Delft University of Technology

Delft University of Technology

Maarten van Ham is professor of Urban Geography at the Department of Urbanisms, Faculty of Architecture and the Built Environment, Delft University of Technology.

Maarten studied economic geography at Utrecht University, where he obtained his PhD with honours in 2002. He worked at the University of Amsterdam and Utrecht University and was affiliated with the Max Planck Institute in Berlin. In 2006 he was appointed Director of the Centre for Housing Research (CHR) at the University of St Andrews for six years. In 2011 he was appointed full Professor of Geography at the University of St Andrews in the UK and full Professor of Urban Geography at Delft University of Technology in the Netherlands.

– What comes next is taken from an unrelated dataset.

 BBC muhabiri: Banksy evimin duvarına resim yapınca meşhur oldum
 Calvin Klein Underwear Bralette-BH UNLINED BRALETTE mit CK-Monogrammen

Maarten has published over 120 academic papers and 11 edited books. He is a highly cited academic with research projects in the UK, The Netherlands, Germany, Sweden, Finland, Lithuania, Estonia, Spain, Egypt and China. Maarten has expertise in the fields of urban poverty and inequality, segregation, residential mobility and migration; neighbourhood effects; urban and neighbourhood change; housing market behaviour and housing choice; geography of labour markets; spatial mismatch of workers and employment opportunities. In 2014 Maarten was awarded an European Research Council grant to investigate Socio-spatial inequality, deprived neighbourhoods, and neighbourhood effects (DEPRIVEDHOODS), see http://www.deprivedhoods.eu/. One of the major outcomes of this project are two books on socio-economic segregation in European cities and globally. The European book is called Socio-Economic Segregation in European Capital Cities. East meets West (https://doi.org/10.4324/9781315758879) The book with 24 case study cities from all over the world is called Urban Socio-Economic Segregation and Income Inequality. A Global Perspective (https://doi.org/10.1007/978-3-030-64569-4). Both books show that globally, with rising inequality, cities are becoming more socio-economically segregated: poor and rich are increasingly living separated. The books also show that the geography of urban inequality is changing as affluence is concentrating in the central attractive parts of cities, while poverty is suburbanising.